The scholars of tasawwuf call this maqam al-ihsan fi al-sabr — the station of excellence in patience. It is not sufficient to bear the pain. Excellence is to respond to the pain with a quality of heart toward those who caused it that reflects the station of prophethood: they do not know — so forgive them.
This Du’a — Its Place in Islamic History
Allahumma ighfir li-qawmi fa-innahum la ya’lamun has become one of the most taught du’as in the Islamic tradition — not as a liturgical formula for regular recitation, but as the model response to being wronged by people who do not understand what they are doing.
When a caller to Allah is mocked. When a scholar is rejected. When a person of faith is treated with contempt by those closest to them. When someone bears the consequences of another person’s ignorance and pays the price with their own body or honour or peace — this is the du’a. Not: O Allah punish them. Not: O Allah show them what they have done. But: O Allah forgive them — because they do not know.
The Prophet ﷺ himself said this at Uhud when his face was bloodied. The same words. His embodiment of the earlier prophet was not performance — it was the expression of his own soul, which had reached the same station by the same path: love for the people he was sent to, understanding of their ignorance, and the complete absence of personal grievance in the face of personal injury.
Three Questions to Close With
- Is there someone in my life who has wounded me — struck me in some way, drawn blood in the metaphorical sense — from whom I have withheld forgiveness? And what would it mean to apply this du’a to them: they do not know — and to ask Allah to forgive them rather than to punish them?
- The prophet spoke this du’a while wiping the blood — not after he had cleaned himself and composed himself and thought it through.

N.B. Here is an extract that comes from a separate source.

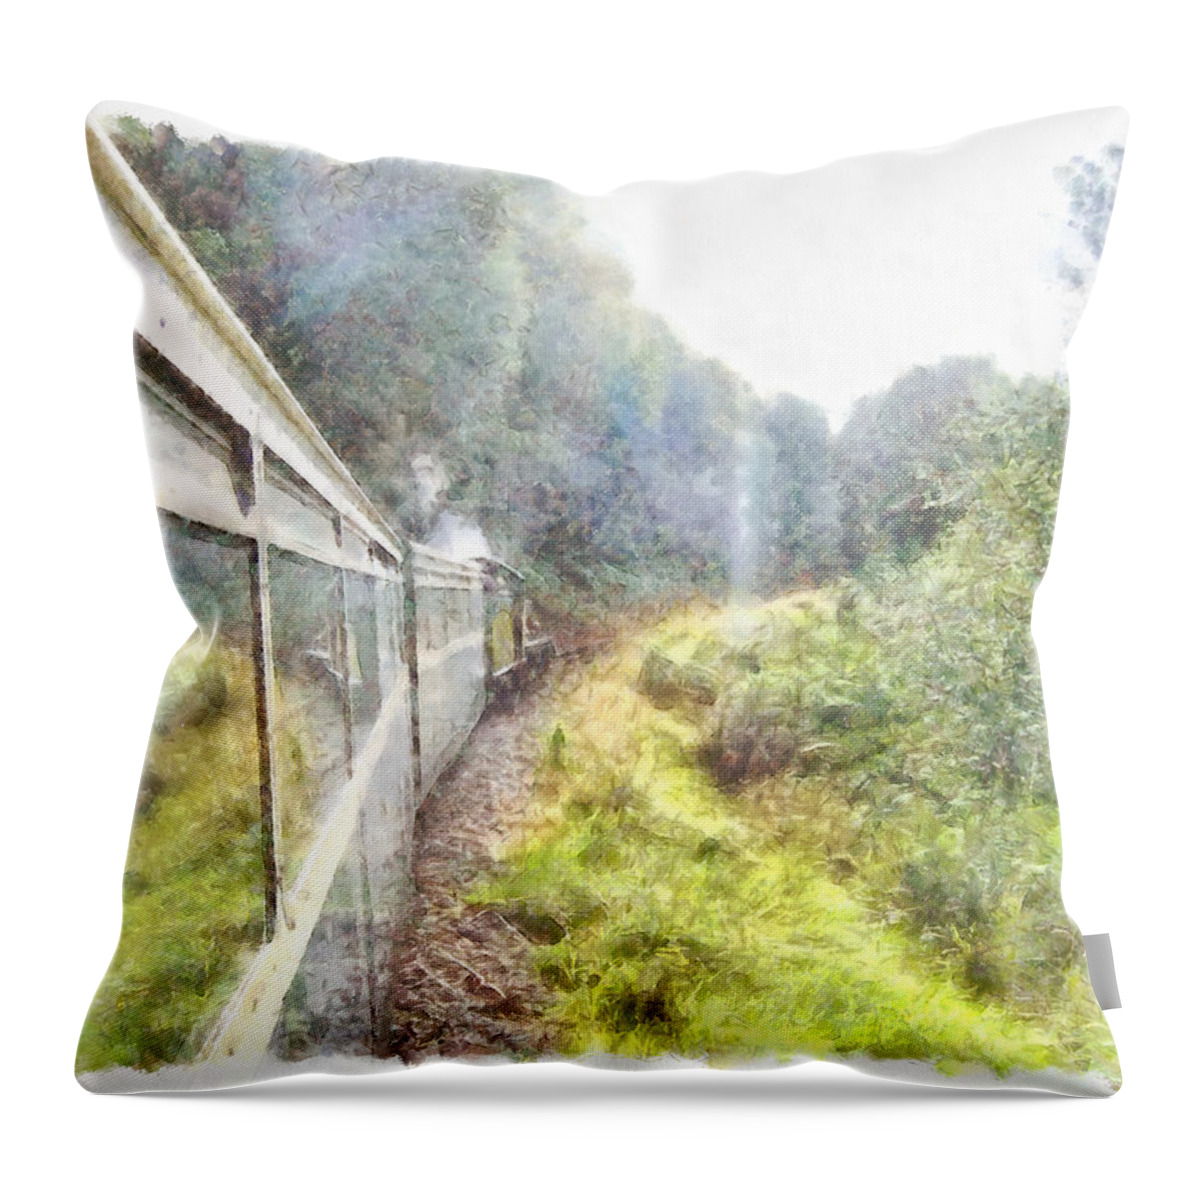 Train Throw Pillow featuring the photograph Train heading through greenery by Ashish Agarwal

The forgiveness was immediate, simultaneous with the wound. How far is my own immediate response to being wronged from this? And is there a practice I can build that moves my first response closer to this station?
- Ibn Mas’ud said: it is as if I am looking at him right now. The image was so alive in him decades later that he described it in the present tense. What image of the Prophet ﷺ do I carry inside me — and is it alive enough that I could say the same?